I’ve noticed that I’m quite a wanderer. By this I mean I don’t stick to a certain group or type of people; I’m friends with and mingle with different kinds of people, and I do this ALOT!! Usually people are more comfortable and share more intimate conversations with their own squad interact superficially with others, but I tend to interact in a region between superficial and intimate with almost everyone and share intimate conversations with almost no one.
The reason for me interacting with multiple people in this way is that I now have very few best friends and by very few I mean 2 (4 sort of now). I only share personal information and secrets with these special people because these are people I actually trust, who are not judgmental and whose opinion is helpful. Apart from them, I don’t trust anyone.

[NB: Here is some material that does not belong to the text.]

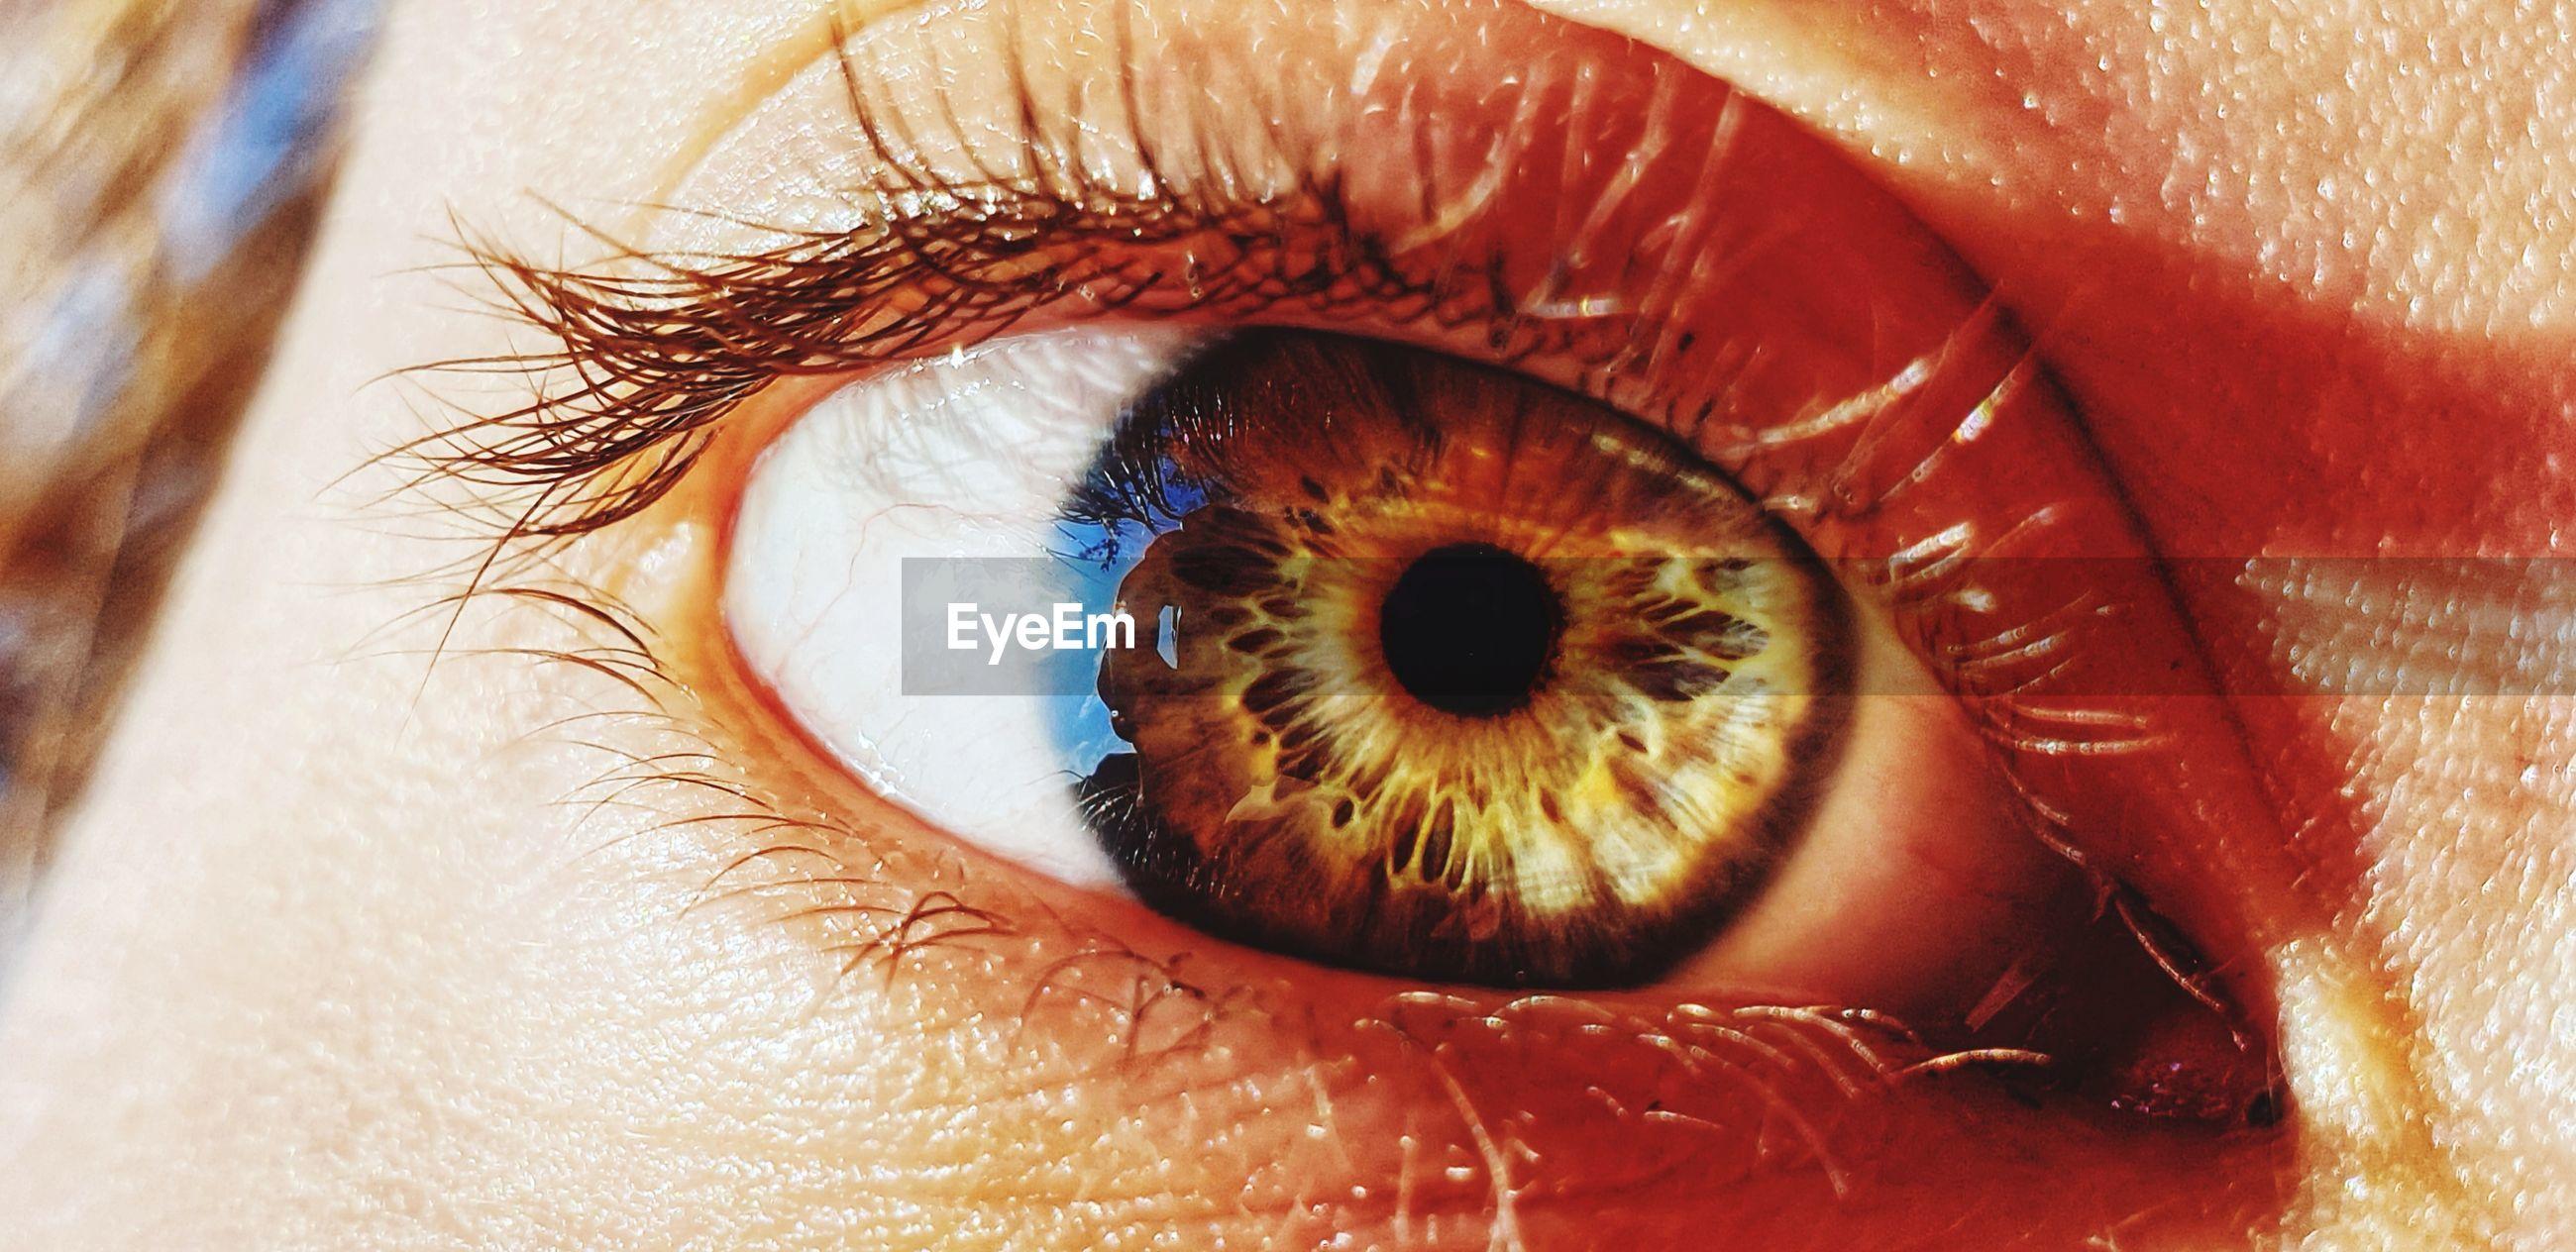 Cropped portrait of woman eye

Unfortunately, I can say that with conviction because I’ve had a long history of people I considered best friends who did something that ended our friendship, who let something happen and didn’t do anything to stop it and who simply quietly disconnected from me. Every time I believed we would be BFFs but life is not generous. In addition, I told a best friend and two close family members a very vulnerable secret since I trusted them with all my heart. I expected some comfort and sympathy but instead they took a different meaning of it, made their assumptions and laughed at me over it. If I can’t trust those close to me, who could I trust?
Hence, my trust in people has nearly vanished. I have no expectations from anyone at all (so if someone even remotely does something unexpectedly good, I’m like Wow!). The thing about me is that opening up to people and telling them my secrets makes my heart beat like its running a marathon and hyperventilate like oxygen will run out any second. This is because once I expose my vulnerabilities, I’m in danger of having those used against me and causing me pain. As long as I keep them locked inside my mind from everyone and only share them with Allah, I’m safe. I find comfort in knowing that alot of me is hidden and protected from others.
Alhamdulillah, I have those two best friends I hold dear. However, one lives in a different city and I’m not sure whether they consider me their best friend as well because we talk after a very long time. I don’t feel like disturbing them often with my daily life so I leave them be but often ask how they are doing.
So most of the time, I’m alone. Half of the day, I interact with my friends and the rest of the day, I stay at home, spending time with my family or alone. Do you know about all those social media posts related to best friends always telling each other everything, how late night phone calls are the best? I can’t relate to those posts because I’m either asleep then or just doing my own thing. Call me an introverted extrovert or vice versa, whichever makes sense.
I interact with almost everyone because staying in one group suffocates me often. They’ll be talking about perhaps a particular type of thing very often which gets annoying and satisfies only a fraction of my soul. When I go to my other friends, they satisfy the other fractions of myself. By not sticking to a particular ‘best friend’, my soul is whole and I feel content having learnt so much from others and taught them so much. However, they are also part of their respective groups & I tend to forget that they have personal conversations with each other as well and wish to hang out with their group members for which I have to pick out the hints and back off. On the other hand, I can’t tell when they’re wholeheartedly inviting me somewhere or are forced to do so by my constant presence.
Talking to others is hard. It’s becoming very confusing and stressful for me as I grow older and days pass. You have to remember so much about what other people say. I sometimes feel that my memory is getting weaker by the day because the stuff my friends say yesterday, I forget them today. Some friends have given others so many nicknames that I always forget who they’re referring to and stare blankly at them trying to understand the conversation. I don’t even remember the birthdays of my close friends and relatives. This often makes me feel like a bad friend or a bad person, as if they don’t matter to me but they do!
This is especially hard as I have many friends in the same locality and because I am posted to a different city every few years do I have to leave one life behind for the next. I think that has made me what I am and now I’m getting very disturbed about this. How can I choose and maintain a so-called best friend if I can’t stay committed to the land I’m living on? They say that distance doesn’t effect friendships but I believe it does. Who you spend your every day with matters alot as it decides the type of daily routine you have, who you talk to and who takes part in the important moments of your life. You can’t tell your long distance friends everything about how your day went because everyone has their own days to live through and not everyone is available so a distance is always there, weakening the bond. There are many friends that I wish I’d stay with and make my family but I have to move and leave. I’m praying for stability now because I can’t keep on choosing again and again. What if I’ve found the perfect people or one to be with but I can’t be with them?
I’ll sum up this post by telling you who I am: I’m a lone wanderer. I have friends in a group and even more friends outside the group (in different cities) yet I don’t share my deep feelings, dreams, passions and secrets to any of them except two of them and that too when I feel like it. I enjoy spending time with others and I enjoy being alone.
Do you want to be my friend? Do let me know if I’m crazy & this issue is my fault, or that there are people out there going through the same experiences I’ve went through.